Given information >>
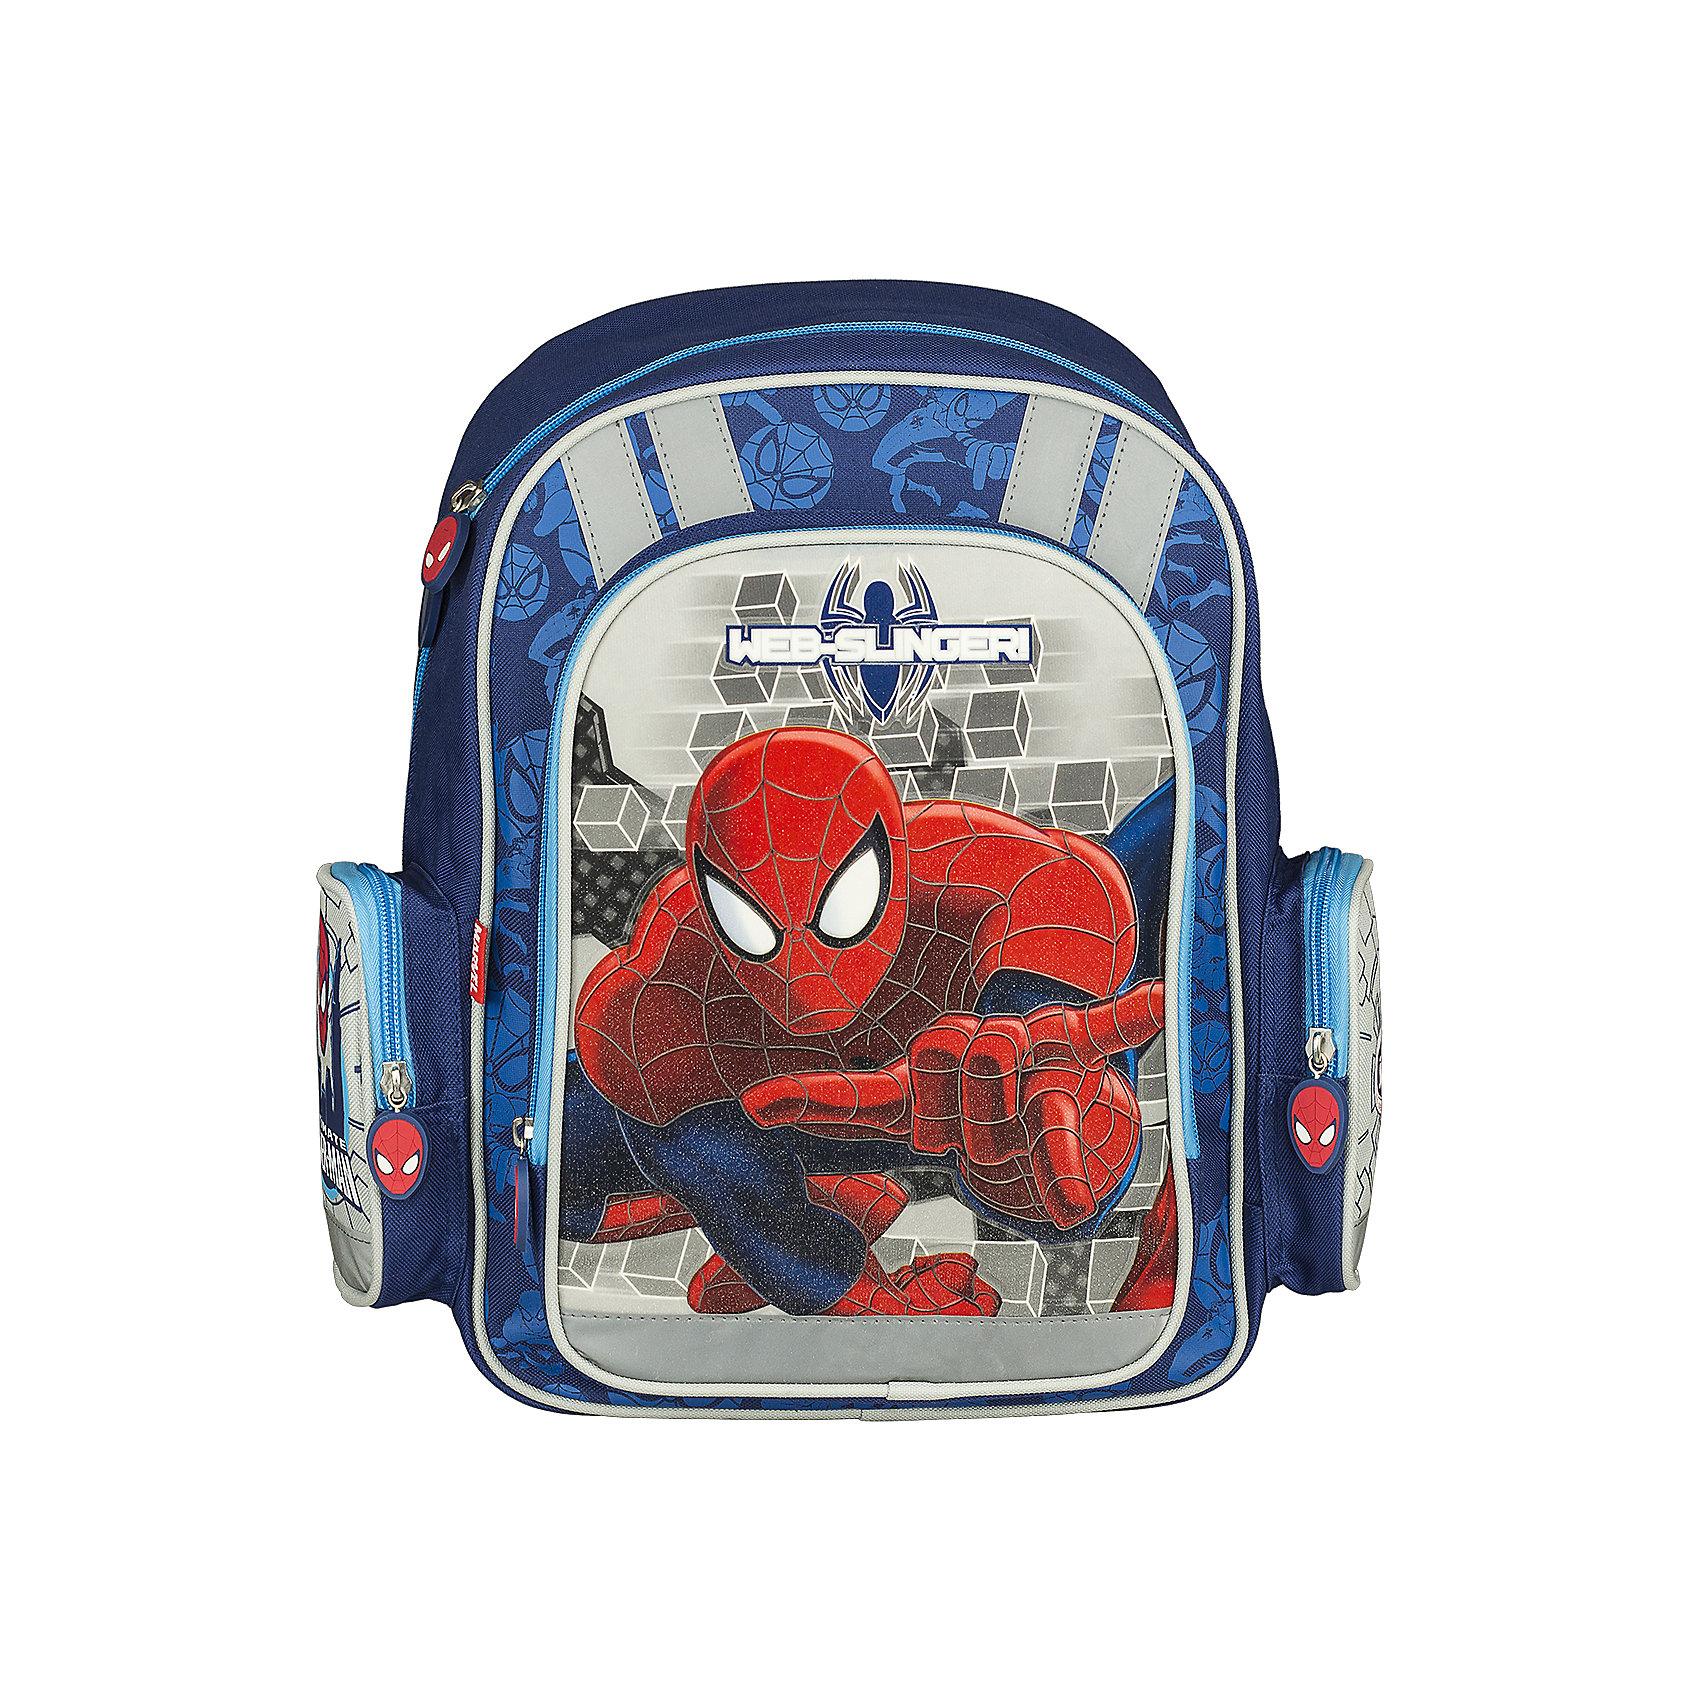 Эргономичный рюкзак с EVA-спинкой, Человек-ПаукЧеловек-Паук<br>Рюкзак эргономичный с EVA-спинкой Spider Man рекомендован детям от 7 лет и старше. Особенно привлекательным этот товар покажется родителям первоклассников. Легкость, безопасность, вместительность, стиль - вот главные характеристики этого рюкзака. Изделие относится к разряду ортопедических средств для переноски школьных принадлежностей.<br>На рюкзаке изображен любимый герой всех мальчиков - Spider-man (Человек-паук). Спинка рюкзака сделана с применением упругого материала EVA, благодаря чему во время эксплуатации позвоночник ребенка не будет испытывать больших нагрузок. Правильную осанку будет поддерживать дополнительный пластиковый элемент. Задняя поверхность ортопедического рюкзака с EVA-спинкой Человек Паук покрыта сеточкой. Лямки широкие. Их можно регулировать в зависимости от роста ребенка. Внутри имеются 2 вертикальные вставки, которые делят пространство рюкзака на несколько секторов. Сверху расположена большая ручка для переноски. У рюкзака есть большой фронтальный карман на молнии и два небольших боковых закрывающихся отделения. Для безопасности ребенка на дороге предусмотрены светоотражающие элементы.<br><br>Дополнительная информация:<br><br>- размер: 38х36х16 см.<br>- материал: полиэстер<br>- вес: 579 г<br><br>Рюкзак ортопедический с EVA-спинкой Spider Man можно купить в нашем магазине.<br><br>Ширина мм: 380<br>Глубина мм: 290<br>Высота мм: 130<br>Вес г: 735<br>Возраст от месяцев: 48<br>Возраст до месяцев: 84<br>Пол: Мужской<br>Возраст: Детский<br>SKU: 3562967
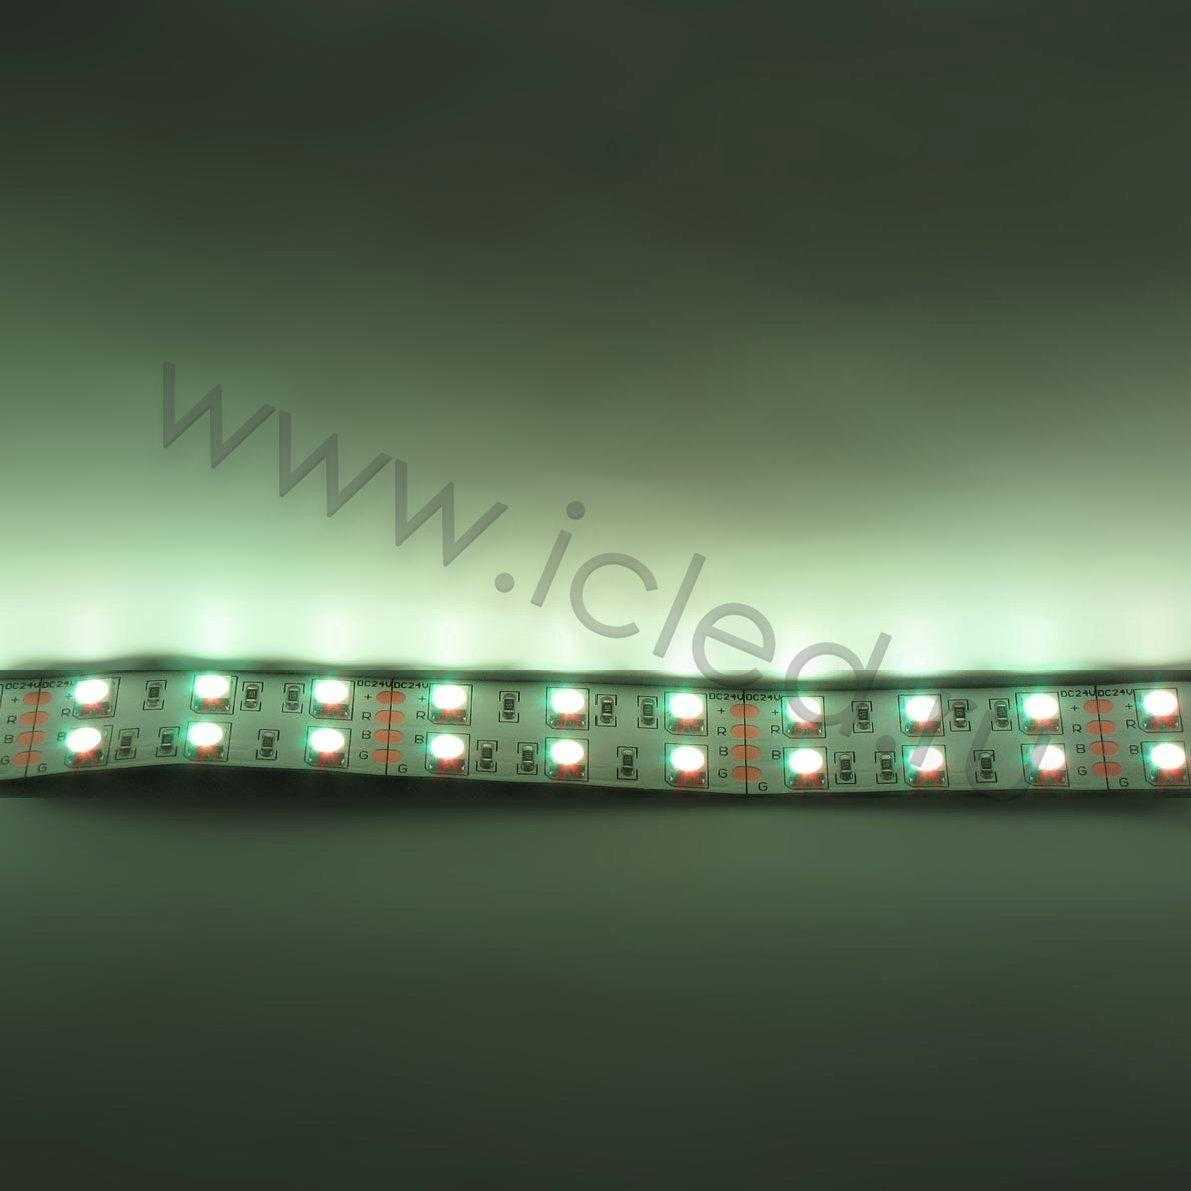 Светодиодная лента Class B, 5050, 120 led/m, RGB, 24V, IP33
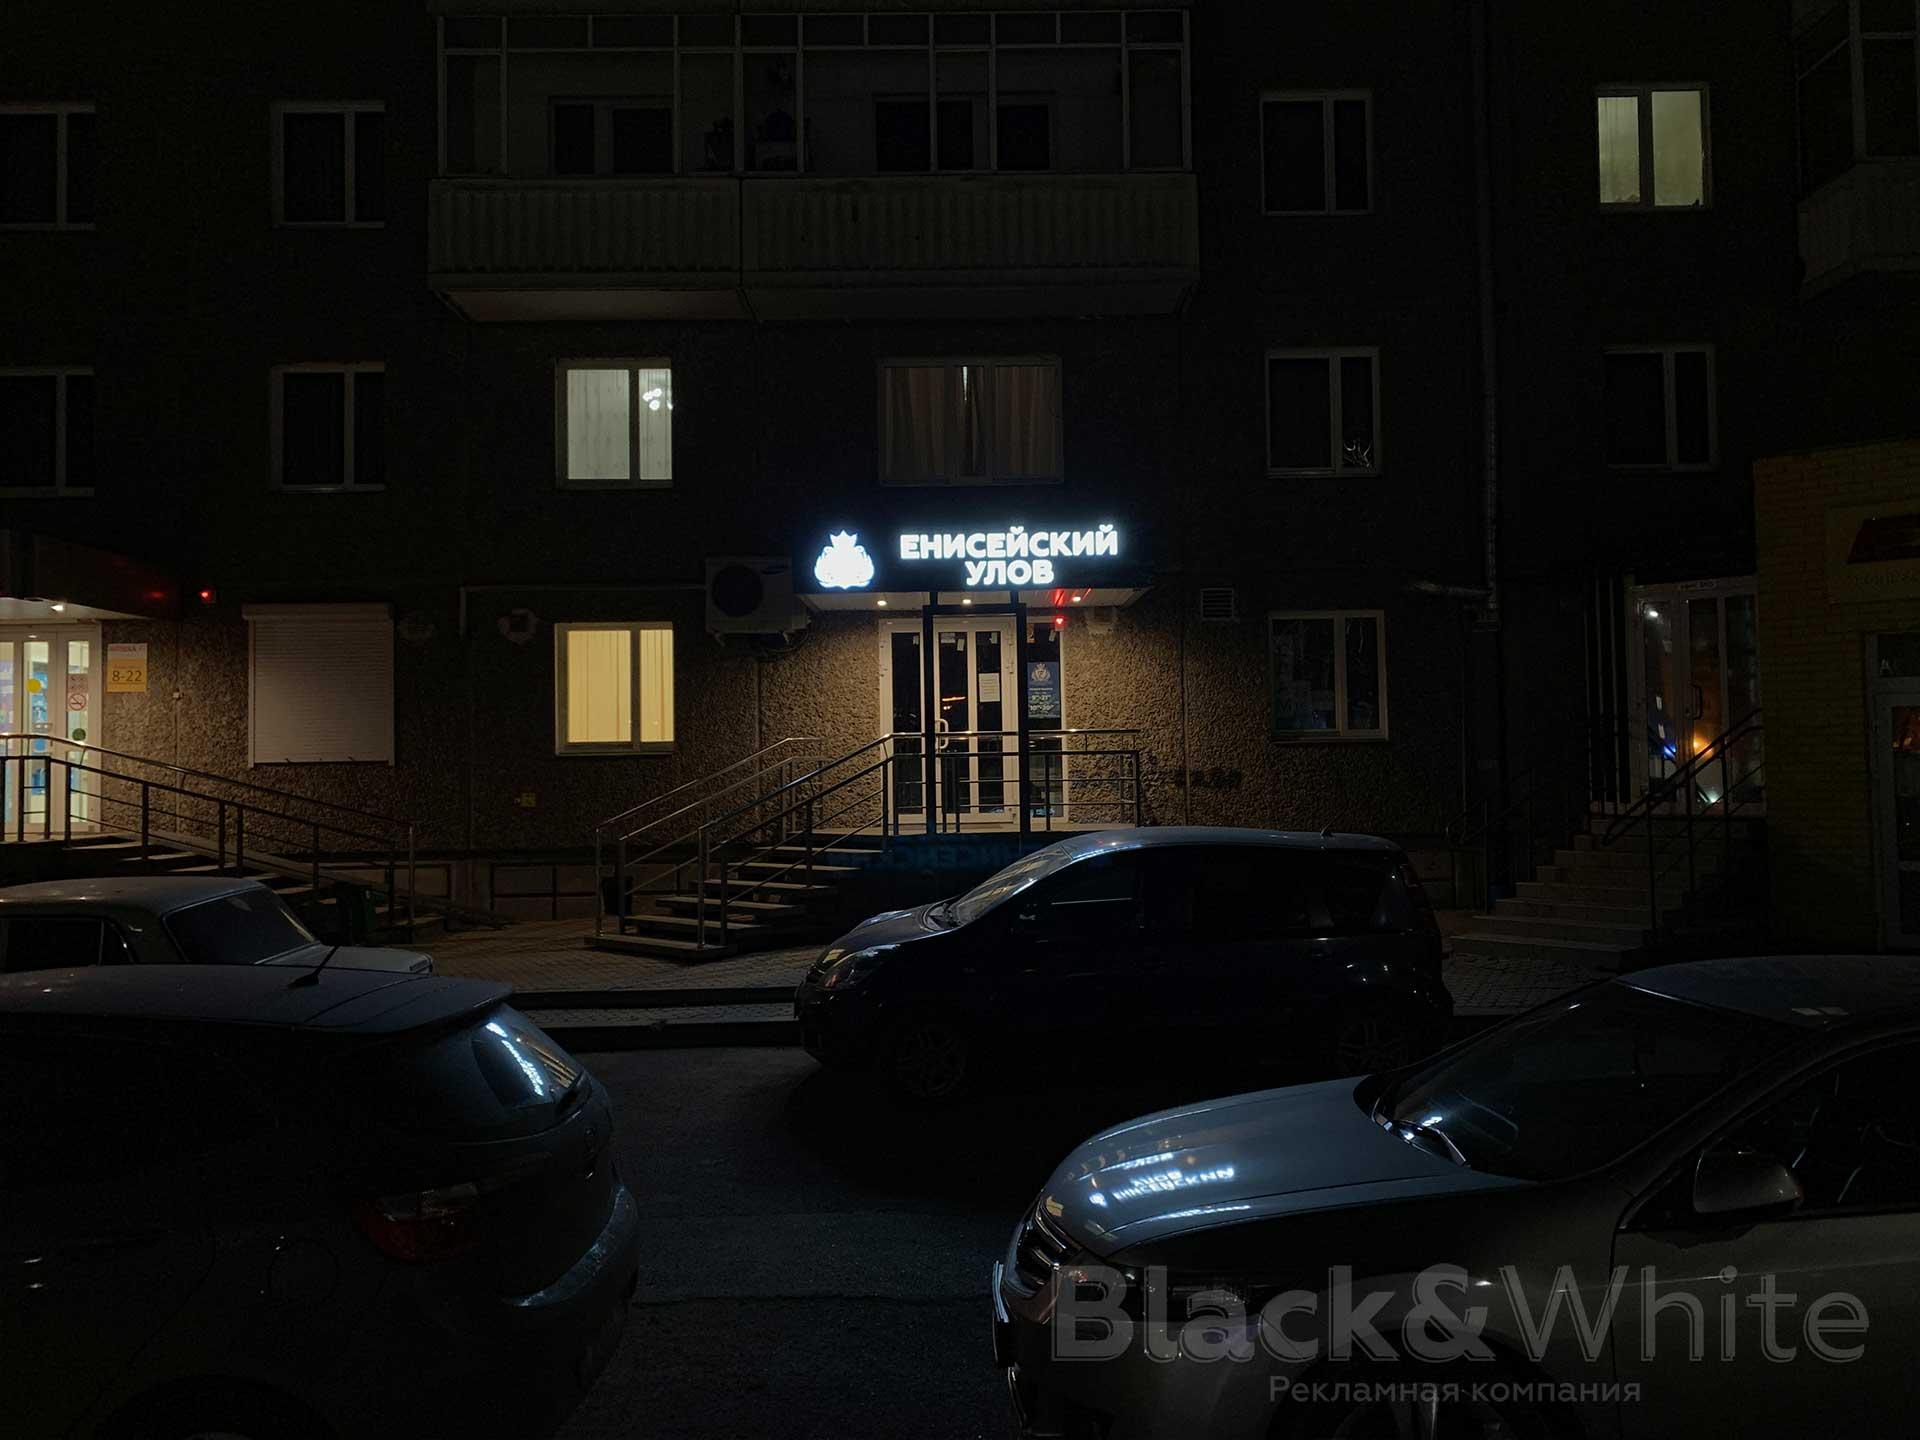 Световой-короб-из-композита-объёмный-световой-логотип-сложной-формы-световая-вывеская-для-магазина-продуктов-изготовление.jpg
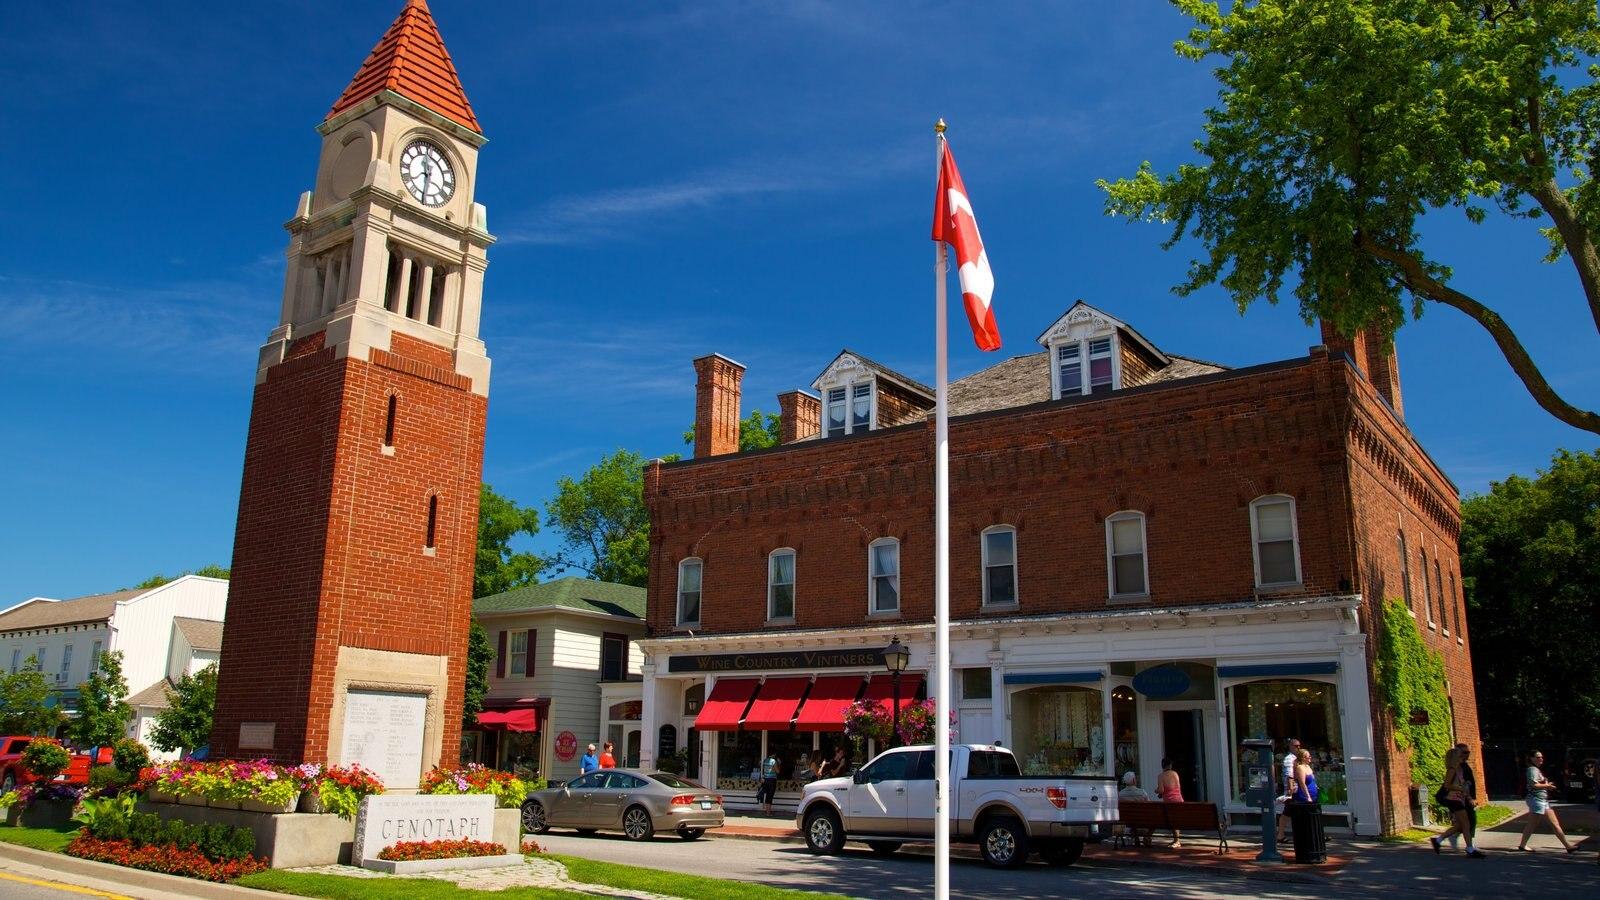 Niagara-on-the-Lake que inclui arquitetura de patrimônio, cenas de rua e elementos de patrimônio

Task goal >> Before writing out the material above, please remove its pictures; everything else stays exact.

Task output >>
 Эргономичный рюкзак с EVA-спинкой, Человек-ПаукЧеловек-Паук<br>Рюкзак эргономичный с EVA-спинкой Spider Man рекомендован детям от 7 лет и старше. Особенно привлекательным этот товар покажется родителям первоклассников. Легкость, безопасность, вместительность, стиль - вот главные характеристики этого рюкзака. Изделие относится к разряду ортопедических средств для переноски школьных принадлежностей.<br>На рюкзаке изображен любимый герой всех мальчиков - Spider-man (Человек-паук). Спинка рюкзака сделана с применением упругого материала EVA, благодаря чему во время эксплуатации позвоночник ребенка не будет испытывать больших нагрузок. Правильную осанку будет поддерживать дополнительный пластиковый элемент. Задняя поверхность ортопедического рюкзака с EVA-спинкой Человек Паук покрыта сеточкой. Лямки широкие. Их можно регулировать в зависимости от роста ребенка. Внутри имеются 2 вертикальные вставки, которые делят пространство рюкзака на несколько секторов. Сверху расположена большая ручка для переноски. У рюкзака есть большой фронтальный карман на молнии и два небольших боковых закрывающихся отделения. Для безопасности ребенка на дороге предусмотрены светоотражающие элементы.<br><br>Дополнительная информация:<br><br>- размер: 38х36х16 см.<br>- материал: полиэстер<br>- вес: 579 г<br><br>Рюкзак ортопедический с EVA-спинкой Spider Man можно купить в нашем магазине.<br><br>Ширина мм: 380<br>Глубина мм: 290<br>Высота мм: 130<br>Вес г: 735<br>Возраст от месяцев: 48<br>Возраст до месяцев: 84<br>Пол: Мужской<br>Возраст: Детский<br>SKU: 3562967
 Светодиодная лента Class B, 5050, 120 led/m, RGB, 24V, IP33
 Световой-короб-из-композита-объёмный-световой-логотип-сложной-формы-световая-вывеская-для-магазина-продуктов-изготовление.jpg
 Niagara-on-the-Lake que inclui arquitetura de patrimônio, cenas de rua e elementos de patrimônio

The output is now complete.